Valdemir Gomes
Nem...
Sempre conquistamos o desejado...
Porém, da luta, a gente... “Desiste!”
Como cidadão justo... “Persiste!”
Sem nenhuma reserva, temos... “Lado!”
Segundo o dito: “O jogo... Jogado!”
Assim, a vida, segue... “Escorrendo!”
Nesse ousado jogo: “Ganhando... Perdendo!”

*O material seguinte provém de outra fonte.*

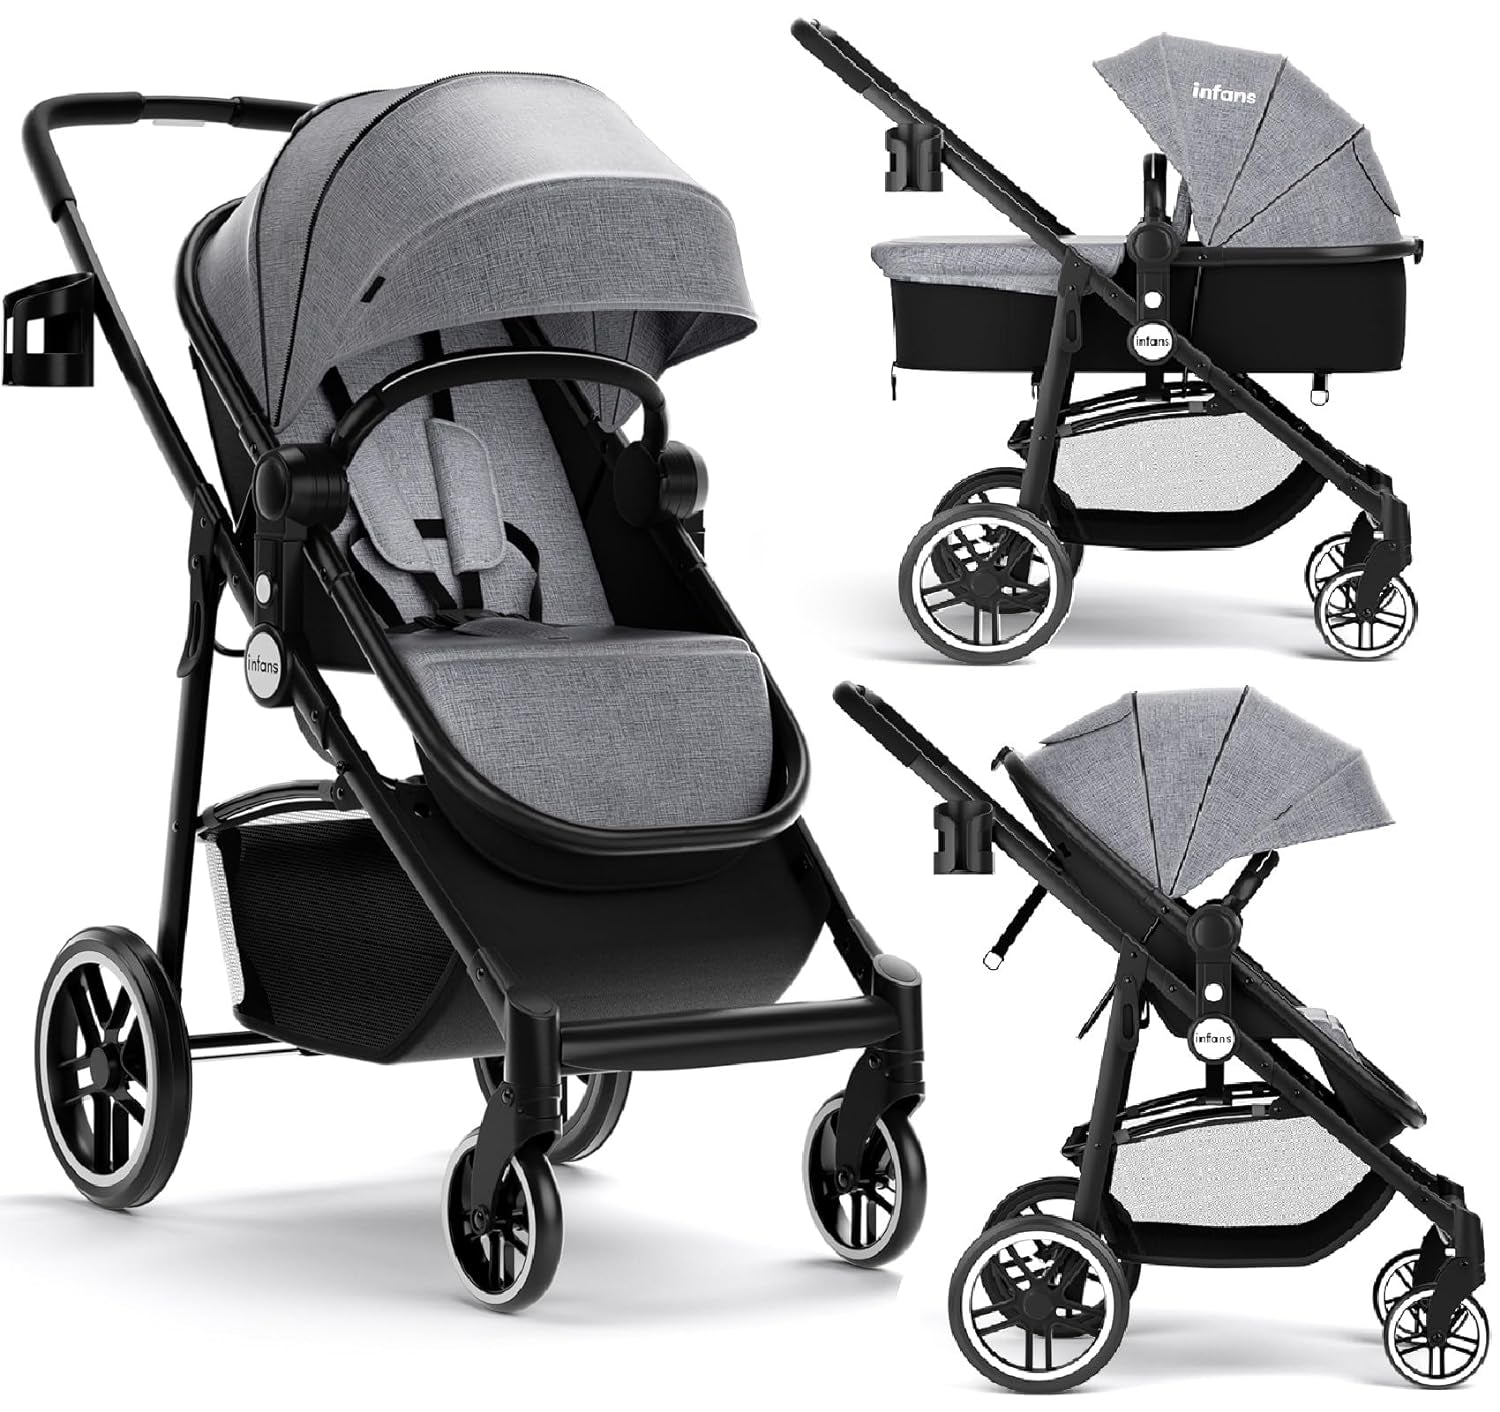 2 in 1 Baby Stroller, High Landscape Infant Stroller & Reversible Bassinet Pram, Foldable Pushchair with Adjustable Canopy, Cup Holder, Storage Basket, Suspension Wheels (Grey)

Não seremos simplesmente... “Cobaia!”
Como legítima orquestra, ensaia...
Na realidade: “Um eterno... Aprendendo!”
Construir novas rotas, caminhos...
Podemos afirmar: “Faz parte... Percurso!”
Importante colocar em prática, discurso...
Com perseverança, ajeitando... “Ninho!”
Sabemos: “Ninguém feliz, sozinho...”
Porém, temos que decidir... “Rotatória!”
Fato irrefutável: “Sem luta, não... Vitória!”
Precisamos se inteirar, conhecer... “Feitos!”
Assim, seremos da vida, sujeito...
Quanto à escolha: “Utilizar... Memória!”
Compreender os meandros, espaço...
Sugerindo encontrar outro... “Rumo!”
Com criatividade, renovando... “Insumo!”
Às vezes, a gente conversa... “Abraços!”
Conforme o previsto: “Esquadro, compasso...”
Mas, a gente é deveras, esquecido... “Ignorado!”
Por intimidação, discretamente... “Provocado!”
Num repente de maneira, velada... “Discreta!”
Sem mais nem menos, logo, veta...
Por conseguinte: “Atentos... Preparados!”
Num esquisito ajuntamento, muda...
Que antes, impossível, virando... “Real!”
Nem sempre o jogo do poder... “Legal!”
Mas, por interesse, surgem... “Ajuda!”
Alguns, deveriam estar na... “Papuda!”
Porém, para vencer, buscando... “Parceiros!”
Dessa forma, deixaram, vazio... “Celeiro!”
Aos pobres, simplesmente... “Chibata!”
Quanto aos aliados, espaço, mamata...
Levantar tais temas, assanha... “Vespeiro!”
Poema: Valdemir Gomes dos Santos 11/04/2025.